Свой среди своих. Савинков на Лубянке
Шрифт:
За этим условием читается и другое: только тогда и вы можете рассчитывать на какой-нибудь шанс для себя…
Под взглядом «иуды»
«25 августа.
Бессонная ночь, потом заря, потом утро, потом уборная, потом надзиратель с чаем. Я лихорадочно ожидаю «Правду». Обыкновенно ее приносят вместе с обедом…»
«Правду» не принесли.
— Сегодня ничего не передавали, — бурчит надзиратель на вопрошающий взгляд Любови Ефимовны.
«Они не хотят, чтобы я знала. Значит, ночью Бориса Викторовича…
Я не схожу с койки весь день. Ежеминутно приоткрывается «глазок». Я слышу в коридоре шепот, шаги…
Вечером
— Идите за мной.
Без мысли, как автомат, я иду вслед за кем-то.
Отворяется дверь, и предо мной стоит Борис Викторович…»
Итак, ее приводят в камеру Савинкова. Еще один дар лубянских богов — «тому, кто должен умереть, не отказывают ни в чем»… Они одни. Но не наедине — из «иуды», дверного глазка, на них уставлен глаз надзирателя!
«В моих первых словах нет смысла:
— Вы живы?
— ?
— Вас не судили вчера?
— Нет. Только допрашивали.
— Я слышала два выстрела ночью, и утром мне не принесли «Правду». Я подумала…
— Выстрелы были довольно далеко. Я их тоже слышал. Что же касается газеты, то она по понедельникам не выходит.
Мы одни, но я не смею говорить. Разоблачения парижской «Русской газеты» о приемах Чека еще свежи в моей памяти. А что, если автоматический аппарат будет записывать наш разговор?
— Басни, — говорит Борис Викторович.
Мы говорим о девяти днях, которые только что пережили, — об аресте, об Андрее Павловиче, обо всем:
— Вы знаете, я рад вас видеть, но…
— Но что?
— Пилляр мне обещал дать свидание с вами наедине перед расстрелом.

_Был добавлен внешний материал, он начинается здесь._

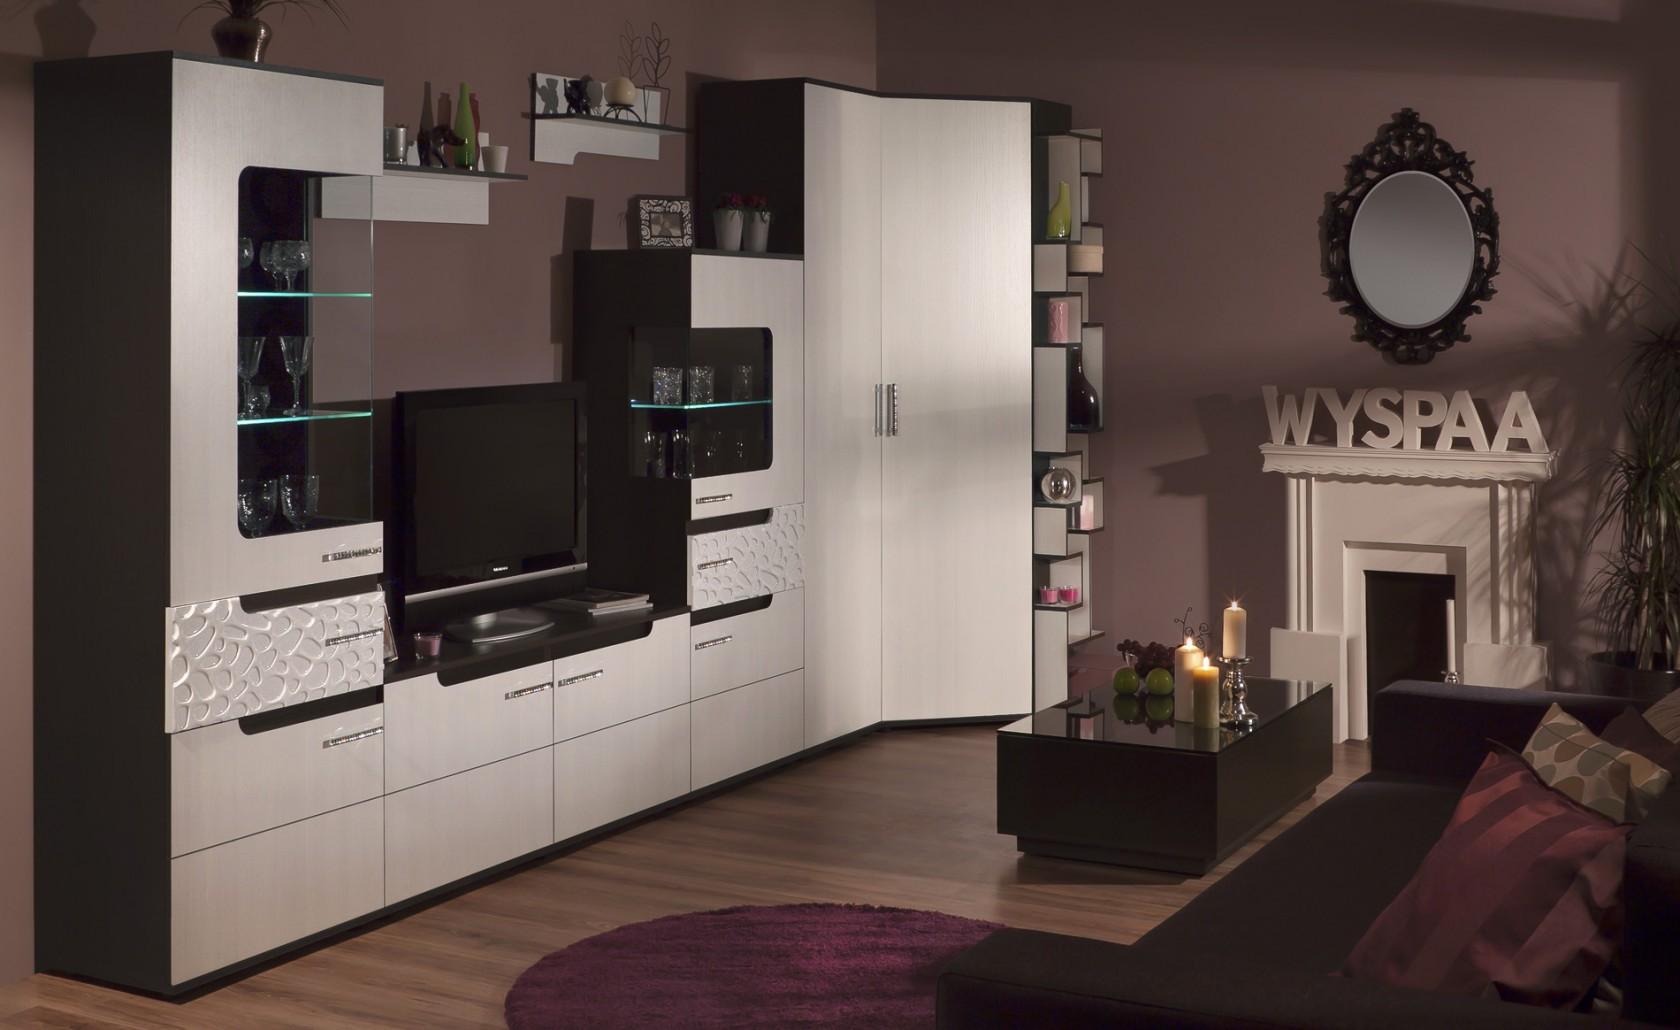 модульная гостиная Wyspaa интернет магазин гермес мебель екатеринбург

Радость видеть Бориса Викторовича исчезает. Я молчу.
— А Александр Аркадьевич?.. Ведь он ничего не знает… Когда вас судят?
— Позавчера Тарновский (Сосновский. — В. Ш.), очень молодой человек с большими голубыми глазами, кстати сказать, прекрасно воспитанный, вручил мне обвинительное заключение.
— И?
— Обвинительное заключение требует моей казни не один, а десять раз.
Молчание. Потом Борис Викторович говорит:
— Знаете ли вы что-нибудь о Сергее? У меня не хватило духу спросить про него Пилляра. Мне так же страшно было бы узнать, что он нас предал, как то, что он расстрелян.
— Это он написал письмо. И он на свободе.
Борис Викторович только что говорил о своей смерти, как будто речь шла о постороннем человеке. Но это известие о Сергее потрясает его.
— Я все предвидел. Я не предвидел одного — что организация, которая была моей последней надеждой, существовала только в воображении чекистов и что Сергей мог нас предать.
(Любовь Ефимовна говорит об освобождении полковника Сергея Павловского со слов Пилляра. На самом деле Павловского в это время уже не было в живых. По официальным данным, он был убит при попытке к бегству в июле 1924 года, но скорее всего просто «ликвидирован», когда надобность в нем отпала. — В. Ш.)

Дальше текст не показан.